A facility that is not bound by ERP regulations may utilize the EAP if they are located in an area with access to municipal responders and emergency response resources that can facilitate an effective response.

Emergency Response Plan

Depending on industry, operations, and site hazards, sites may be required to submit specialized response plans to one or a variety of federal regulatory agencies. When an ERP is in place, the facility has established first responding capabilities with the intent to initiate offensive actions. (Note: The purpose of the first responder at the operations level, is to protect life, property, or the environment from the effects of the release, not stop the release.)

OSHA regulations (29 CRF 1910.120(q)) state that “an emergency response plan shall be developed and implemented to handle anticipated emergencies prior to the commencement of emergency response operations.
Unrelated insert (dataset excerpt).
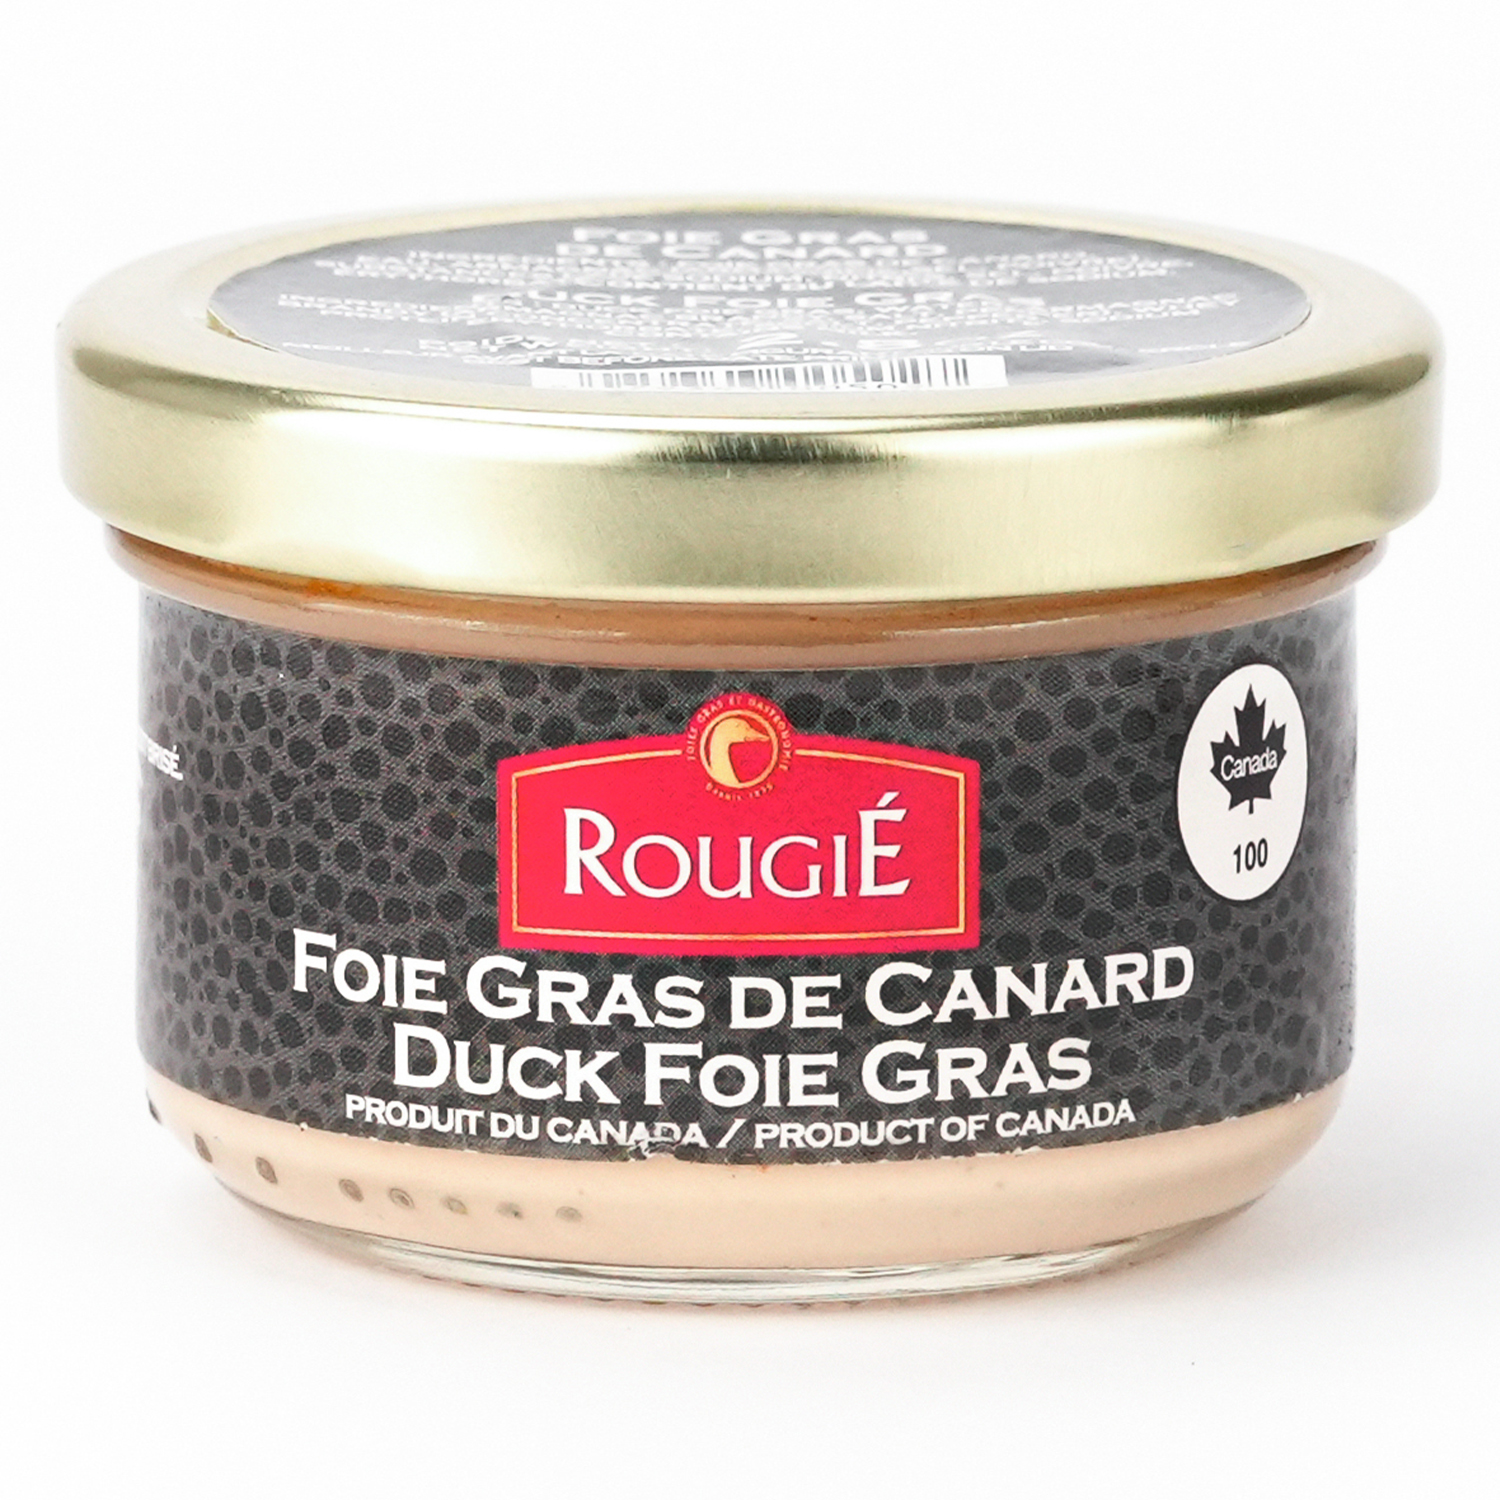 Duck Foie Gras - Micuit / Ready to Eat, Terrine, by Rougie
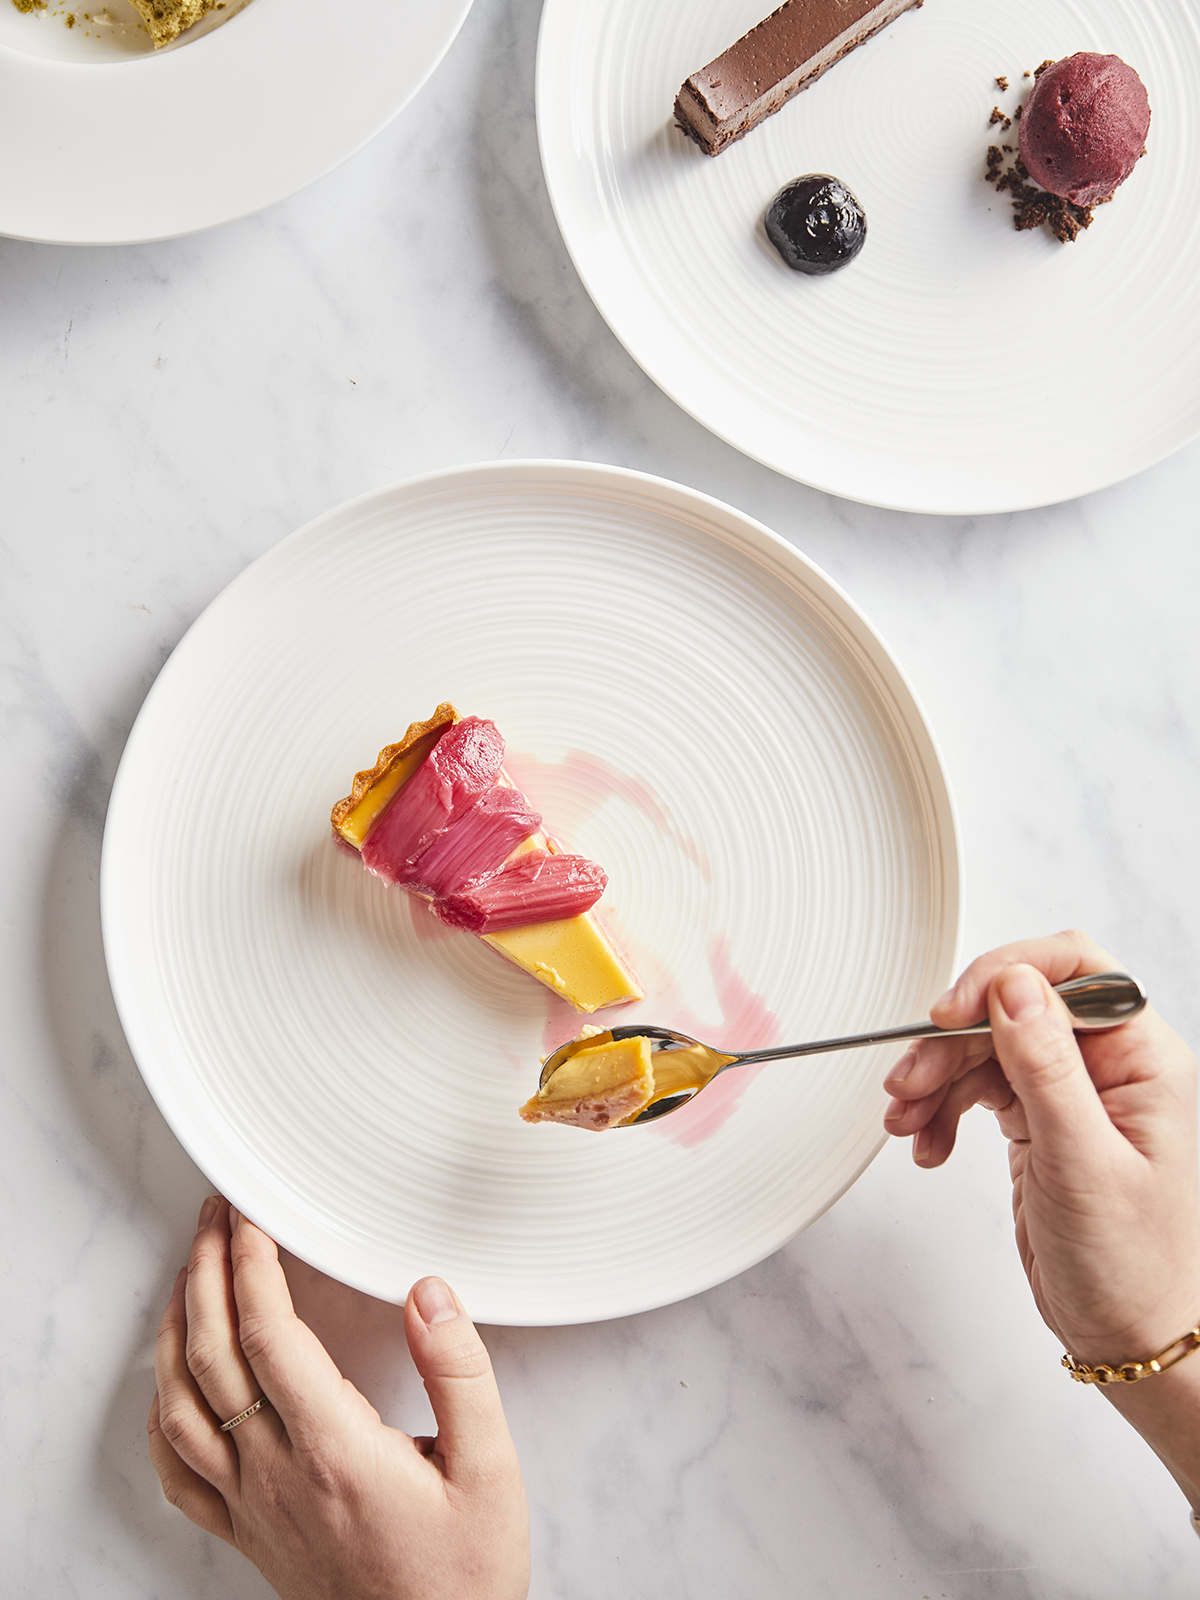 Rhubarb tart, on the menu at Design restaurant by Social Pantry

The plan shall be in writing and available for inspection and copying by employees, their representatives and OSHA personnel.” According to the Employers who will evacuate their employees from the danger area when an emergency occurs, and who do not permit any of their employees to assist in handling the emergency, are exempt from the requirements of this paragraph if they provide an emergency action plan in accordance with 29 CFR 1910.38.

Emergency response plans need to serve a specific response purpose and meet explicit planning objectives. Every response plan should include site-specific details that are unique to your facility. Below is a list of some basic planning objectives that may be relevant to your facility:

  1. Establish site specific emergency response procedures for each potential threat, risk or emergency scenario These may include, but are not limited to:
    a. Medical emergencies
    b. Hazardous releases
    c. Fire
    d. Severe weather
    e. Security issues
  2. Design an emergency response team framework and assign personnel to fill primary and alternate roles
  3. Define notification and emergency response team activation procedures
  4. Establish communication procedures and a primary and alternate Emergency Operations Center location
  5. Identify and quantify necessary response equipment
  6. Ensure emergency response team personnel receive applicable and required training
  7. Establish mitigation procedures and protective actions to safeguard the health and safety of on-site personnel and nearby communities
  8. Identify and ensure availability of responders and supply chain resources
  9. Maintain compliance with all applicable local, state, and federal requirements for environmental hazards, response plans, and training requirements
  10. Integrate best practices and lessons learned from past training and exercises, actual emergencies, and incident reviews

In order to be fully integrated with external resources, the Emergency Response Plan structure should be consistent with the National Incident Management System and integrated with Incident Command System concepts.